__EXERCISE INSTRUCTIONS__
Begin your copy at the line holding "best of Scenes naked chucky" and end it at the last line of the listing. Keep every line exact and leave out the pictures.

__DATASET EXCERPT__
┄┄┄┄┄┄┄┄┄┄

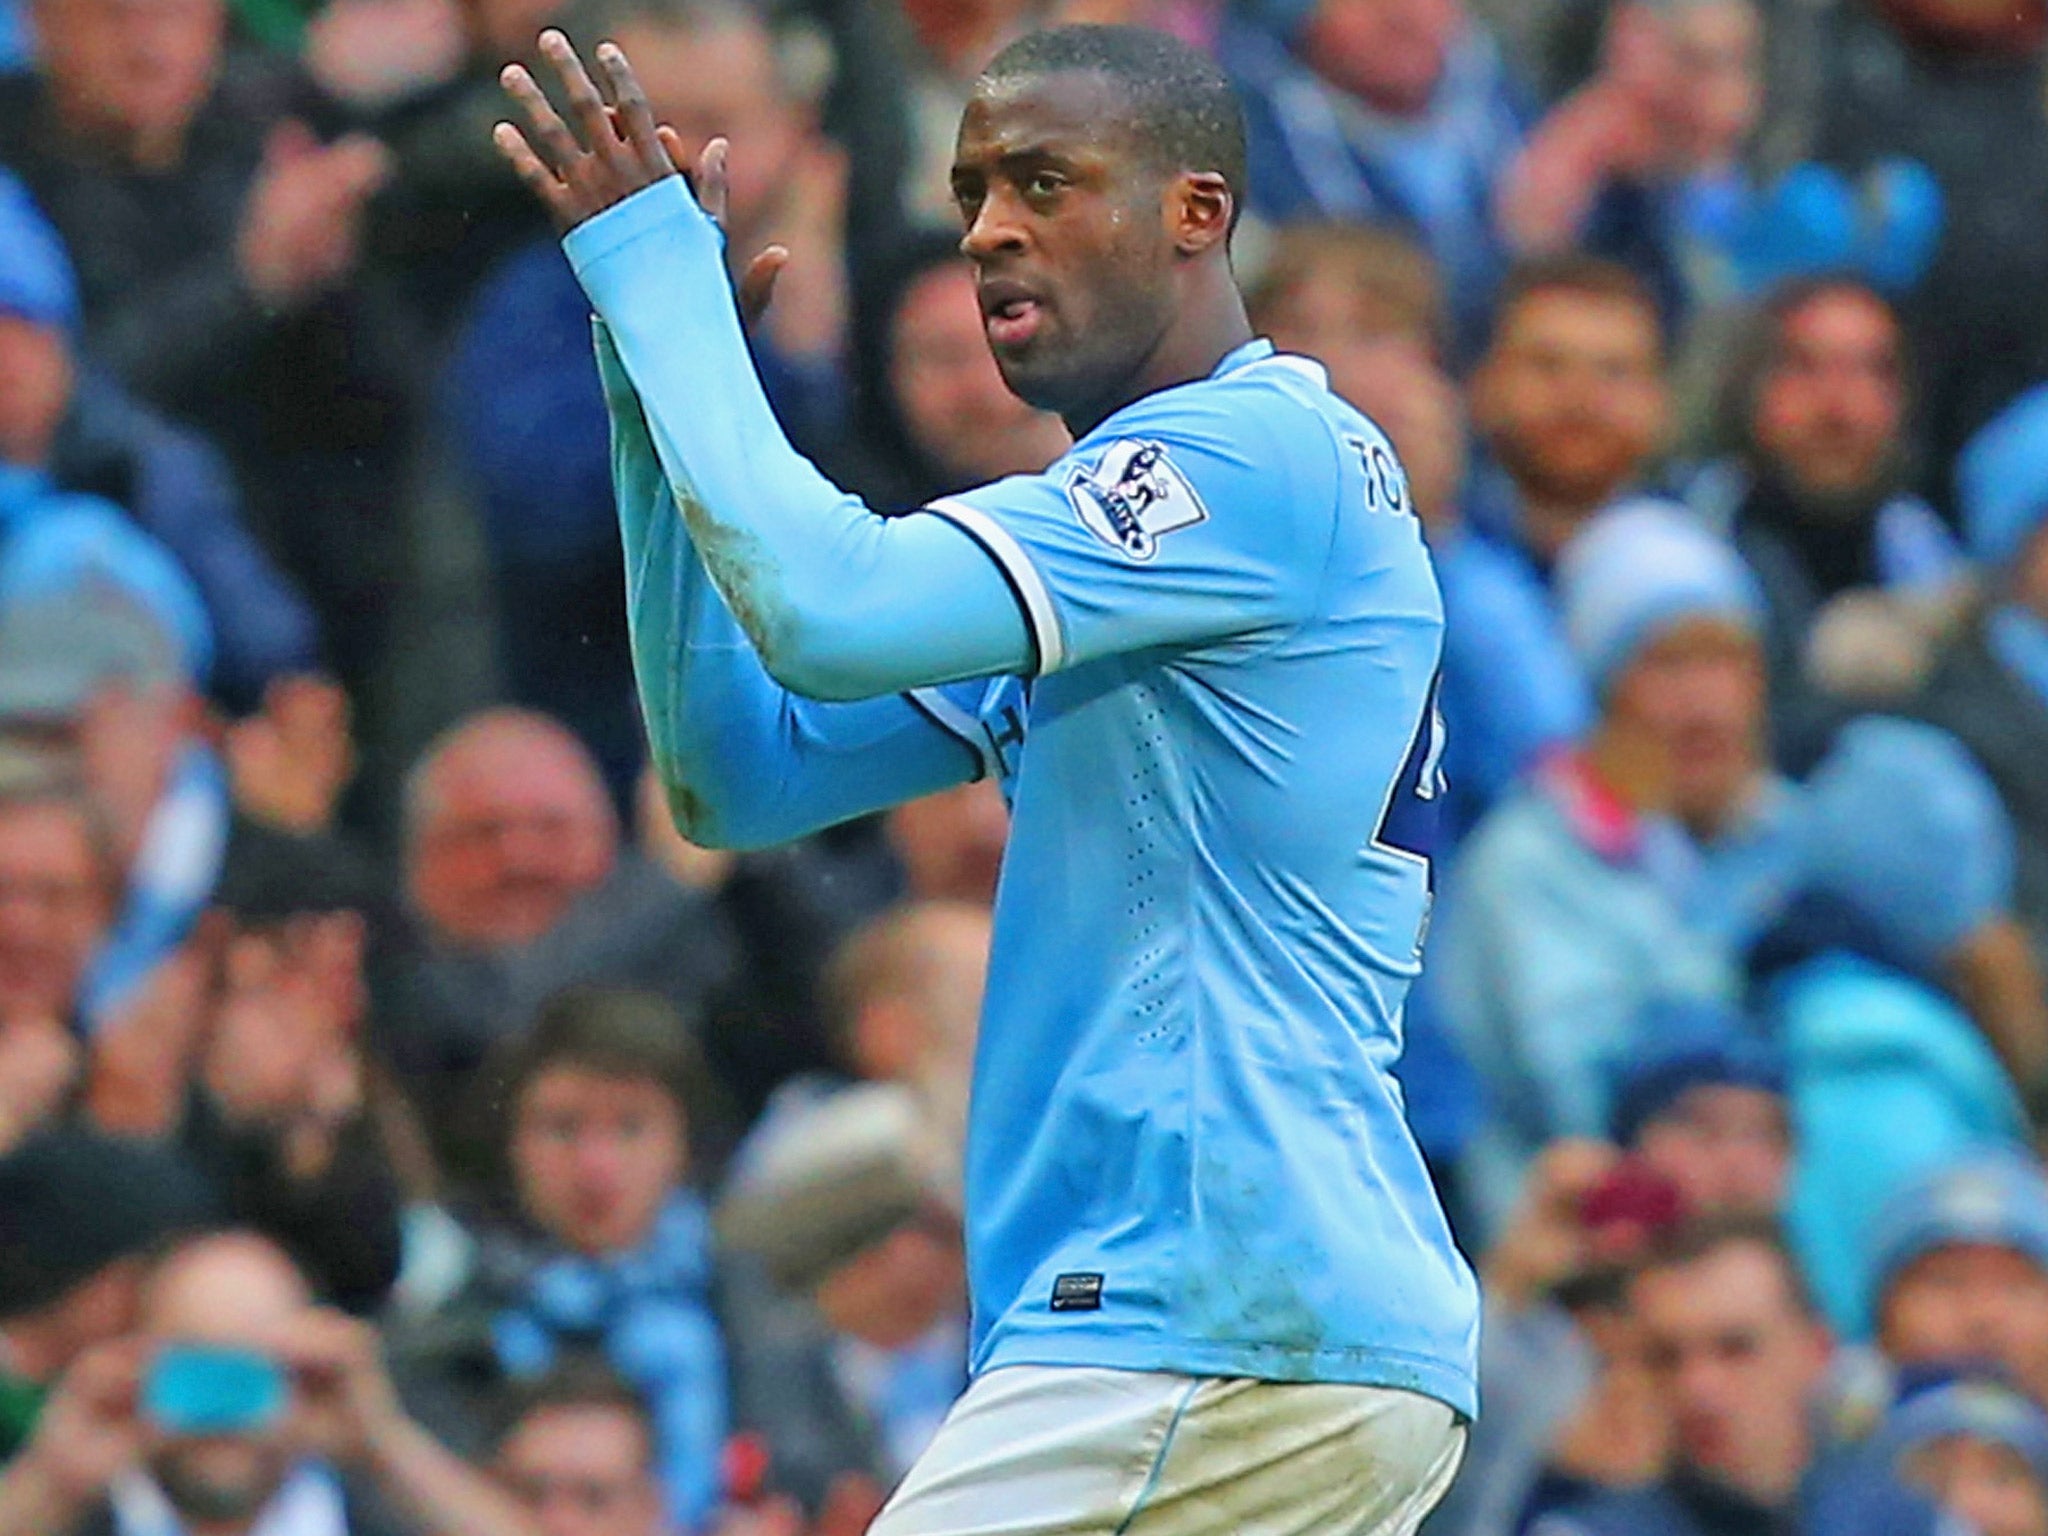 Manchester City claim Yaya Touré received a birthday cake, a Facebook post and had ‘Happy Birthday’ sung to him
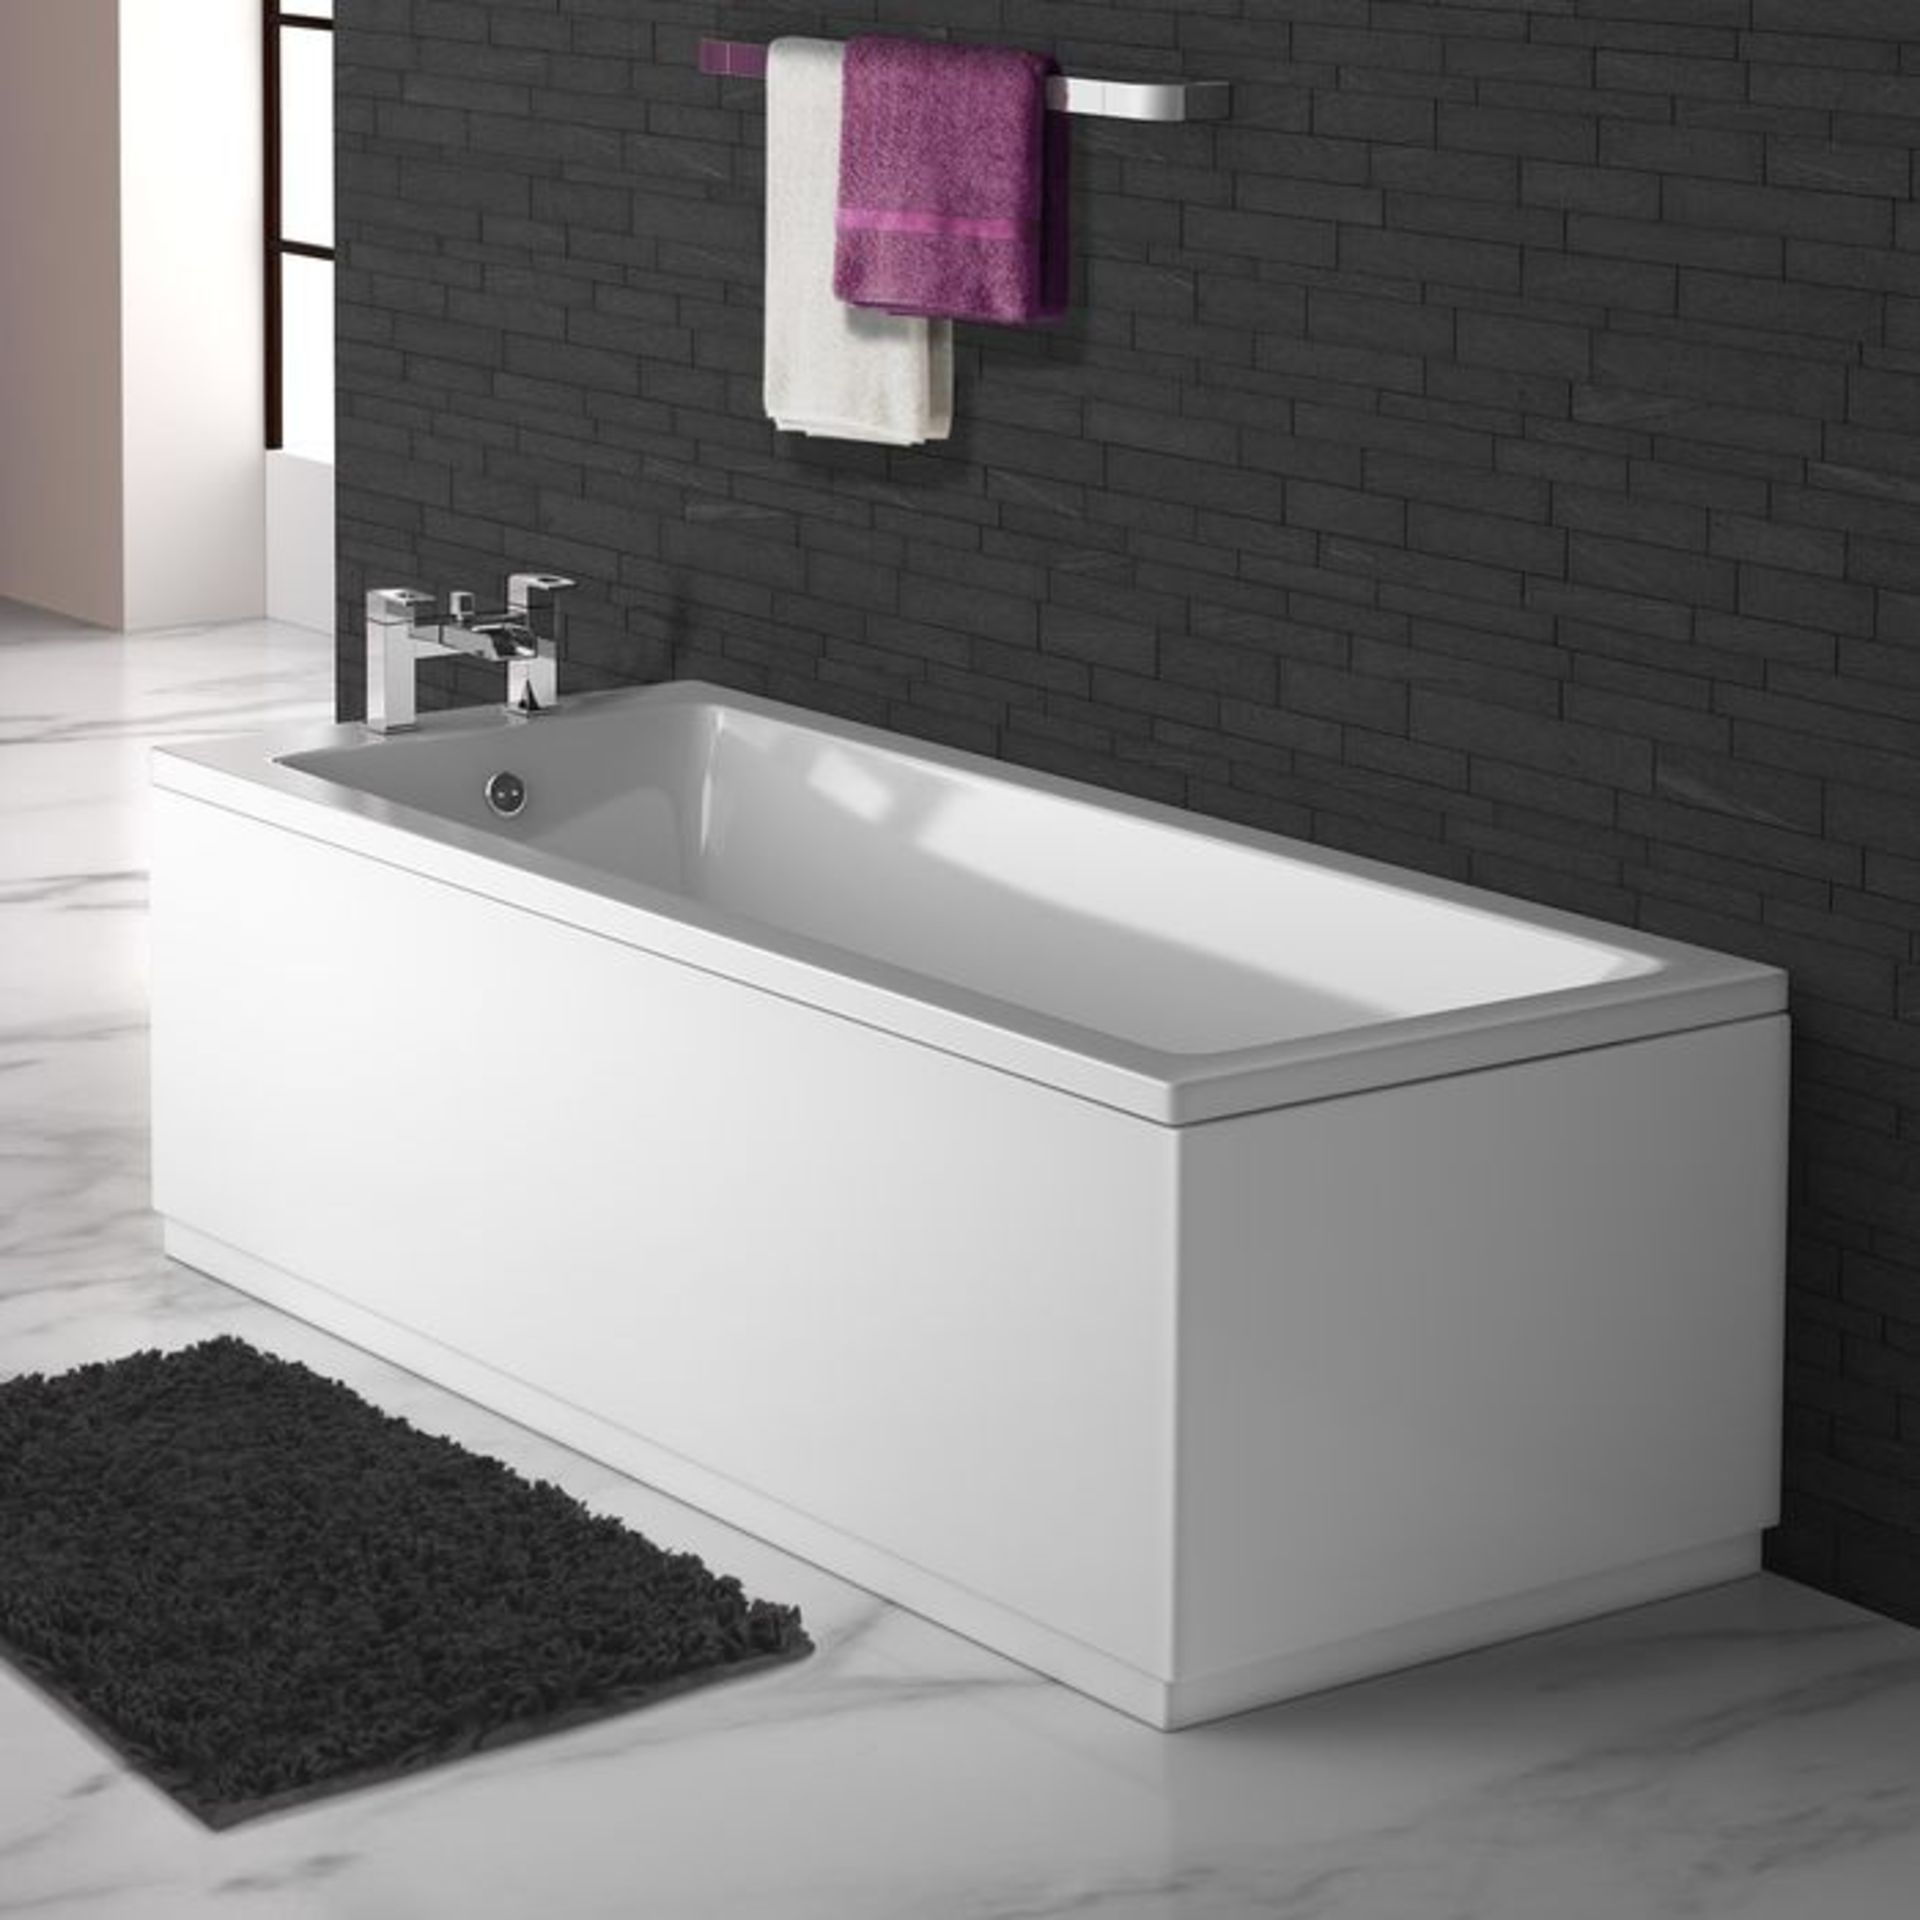 (BATH101) PALLET TO CONTAIN 6 BATHS IN VARIOUS SHAPES & SIZES. APPROX. ORIGINAL RRP VALUE £1,750. Uk
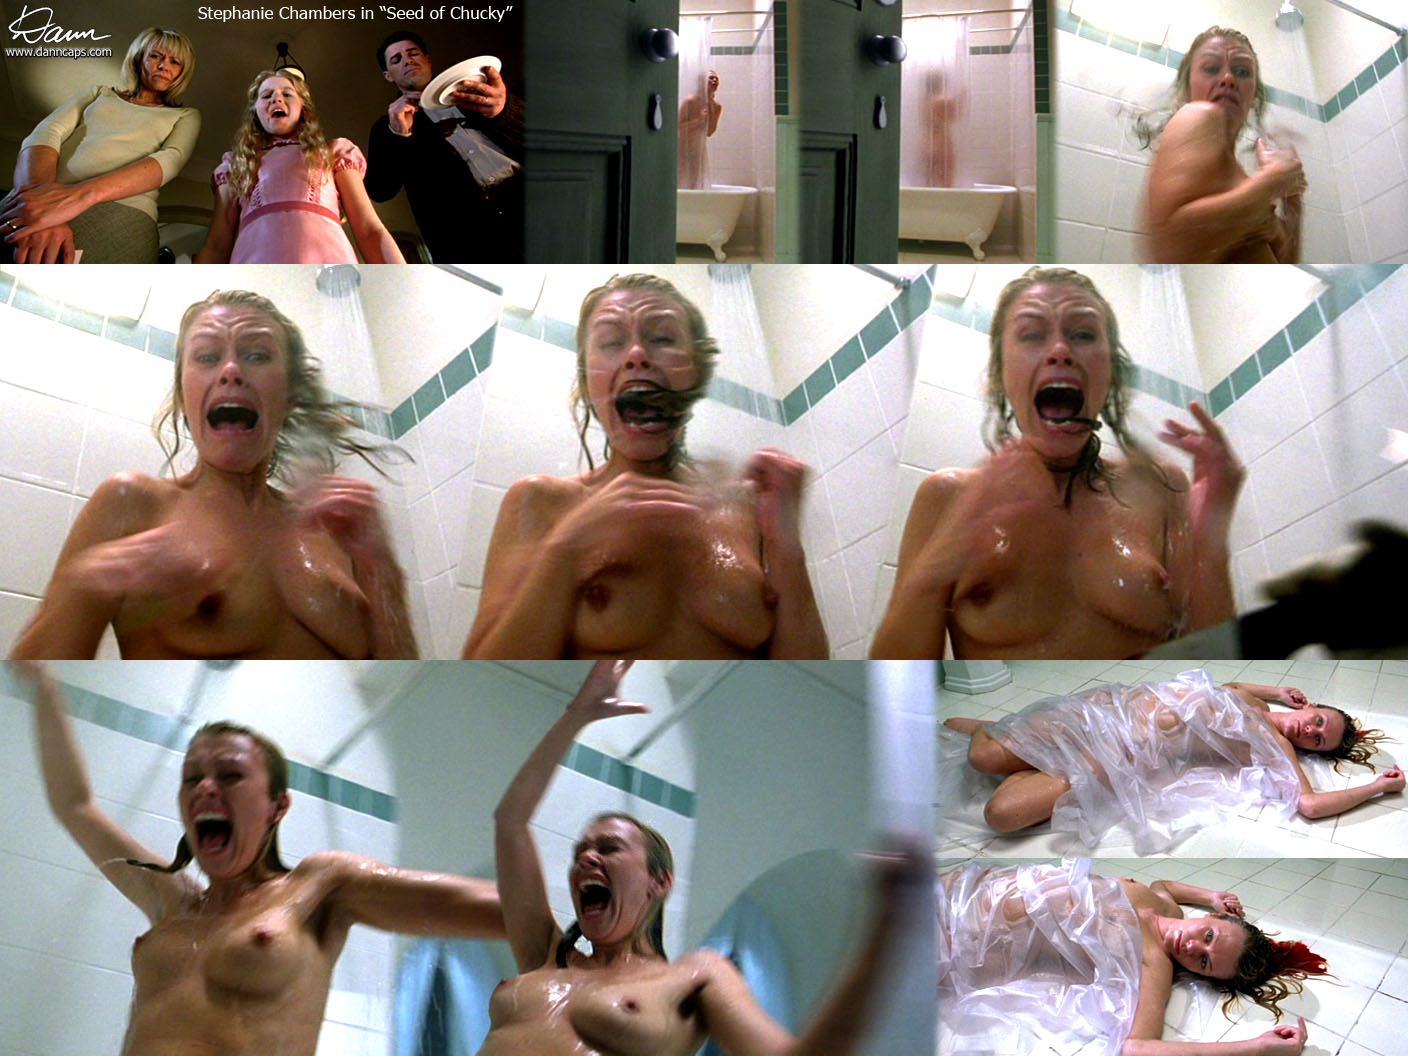 best of Scenes naked chucky
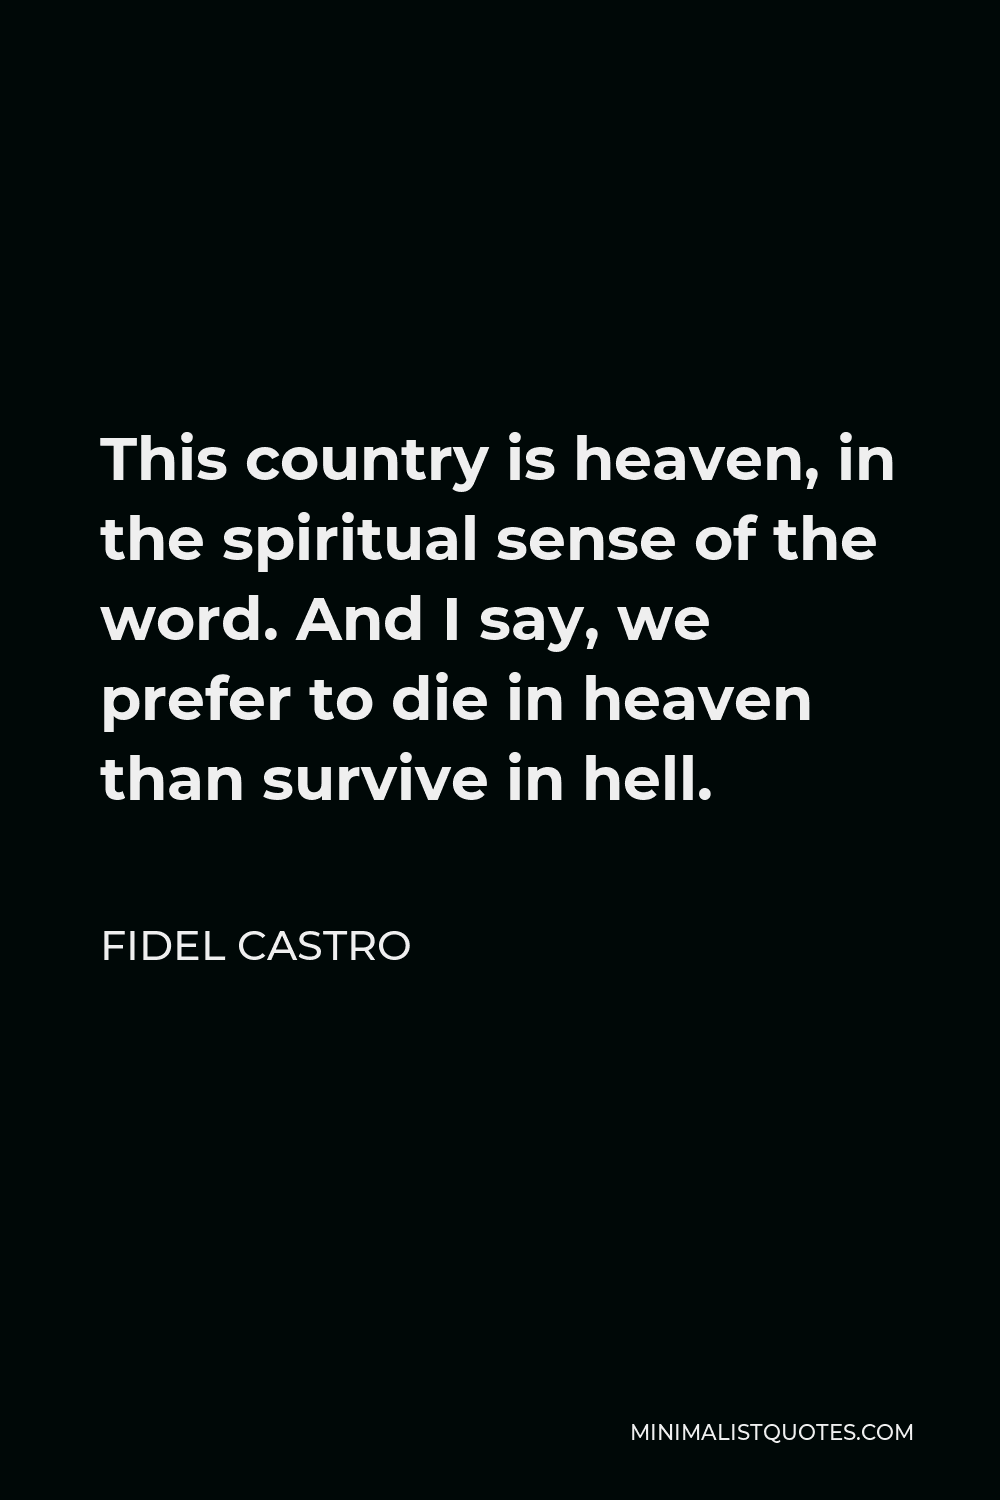 Fidel Castro Quote - This country is heaven, in the spiritual sense of the word. And I say, we prefer to die in heaven than survive in hell.

┄┄┄┄┄┄┄┄┄┄

__ANSWER TO THE PROBLEM__
 best of Scenes naked chucky
 Fidel Castro Quote - This country is heaven, in the spiritual sense of the word. And I say, we prefer to die in heaven than survive in hell.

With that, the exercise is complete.